Google DeepMind’s AI forecasting is outperforming the ‘gold standard’ model
GraphCast's 10-day weather predictions reveal how meteorology may benefit from AI and machine learning.
No one can entirely predict where the artificial intelligence industry is taking everyone, but at least the AI is poised to reliably tell you what the weather will be like when you get there. (Relatively.) According to a paper published on November 14 in Science, a new, AI-powered 10-day climate forecasting program called GraphCast is already outperforming existing prediction tools nearly every time. The open-source technology is even showing promise for identifying and charting potentially dangerous weather events—all while using a fraction of the “gold standard” system’s computing power.
“Weather prediction is one of the oldest and most challenging–scientific endeavors,” GraphCast team member Remi Lam said in a statement on Tuesday. “Medium range predictions are important to support key decision-making across sectors, from renewable energy to event logistics, but are difficult to do accurately and efficiently.”
[Related: Listen to ‘Now and Then’ by The Beatles, a ‘new’ song recorded using AI.]
Developed by Lam and colleagues at Google DeepMind, the tech company’s AI research division, GraphCast is trained on decades of historic weather information alongside roughly 40 years of satellite, weather station, and radar reanalysis. This stands in sharp contrast to what are known as numerical weather prediction (NWP) models, which traditionally utilize massive amounts of data concerning thermodynamics, fluid dynamics, and other atmospheric sciences. All that data requires intense computing power, which itself requires intense, costly energy to crunch all those numbers. On top of all that, NWPs are slow—taking hours for hundreds of machines within a supercomputer to produce their 10-day forecasts.
GraphCast, meanwhile, offers highly accurate, medium range climatic predictions in less than a minute, all through just one of Google’s AI-powered machine learning tensor processing unit (TPU) machines.
During a comprehensive performance evaluation against the industry-standard NWP system—the High-Resolution Forecast (HRES)—GraphCast proved more accurate in over 90 percent of tests.

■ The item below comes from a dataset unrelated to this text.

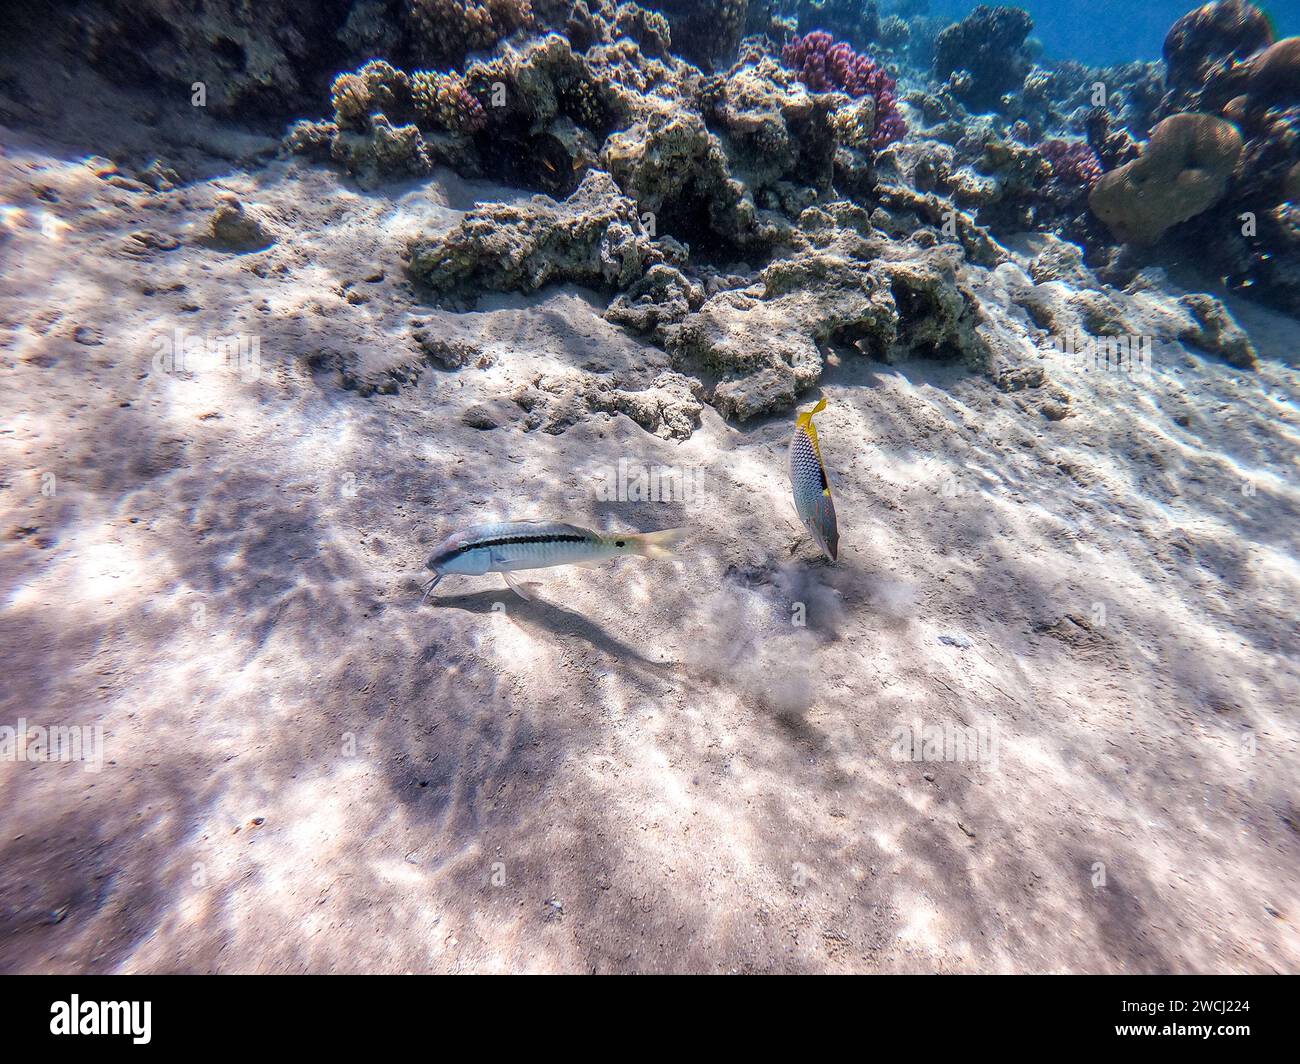 Tropical Forsskal goatfish known as Parupeneus forskali and Checkerboard wrasse known as Halichoeres hortulanus underwater on sand sea bottom at the Stock Photo

When limiting the scope to only the Earth’s troposphere, the lowest portion of the atmosphere home to most noticeable weather events, GraphCast beat HRES in an astounding 99.7 percent of test variables. The Google DeepMind team was particularly impressed by the new program’s ability to spot dangerous weather events without receiving any training to look for them. By uploading a hurricane tracking algorithm and implementing it within GraphCast’s existing parameters, the AI-powered program was immediately able to more accurately identify and predict the storms’ path.
In September, GraphCast made its public debut through the organization behind HRES, the European Center for Medium-Range Weather Forecasts (ECMWF). During that time, GraphCast accurately predicted Hurricane Lee’s trajectory nine days ahead of its Nova Scotia landfall. Existing forecast programs proved not only less accurate, but also only determined Lee’s Nova Scotia destination six days in advance.
[Related: Atlantic hurricanes are getting stronger faster than they did 40 years ago.]
“Pioneering the use of AI in weather forecasting will benefit billions of people in their everyday lives,” Lam wrote on Tuesday, who notes GraphCast’s potential vital importance amid increasingly devastating events stemming from climate collapse.
“[P]redicting extreme temperatures is of growing importance in our warming world,” Lam continued. “GraphCast can characterize when the heat is set to rise above the historical top temperatures for any given location on Earth. This is particularly useful in anticipating heat waves, disruptive and dangerous events that are becoming increasingly common.”
Google DeepMind’s GraphCast is already available via its open-source coding, and ECMWF plans to continue experimenting with integrating the AI-powered system into its future forecasting efforts.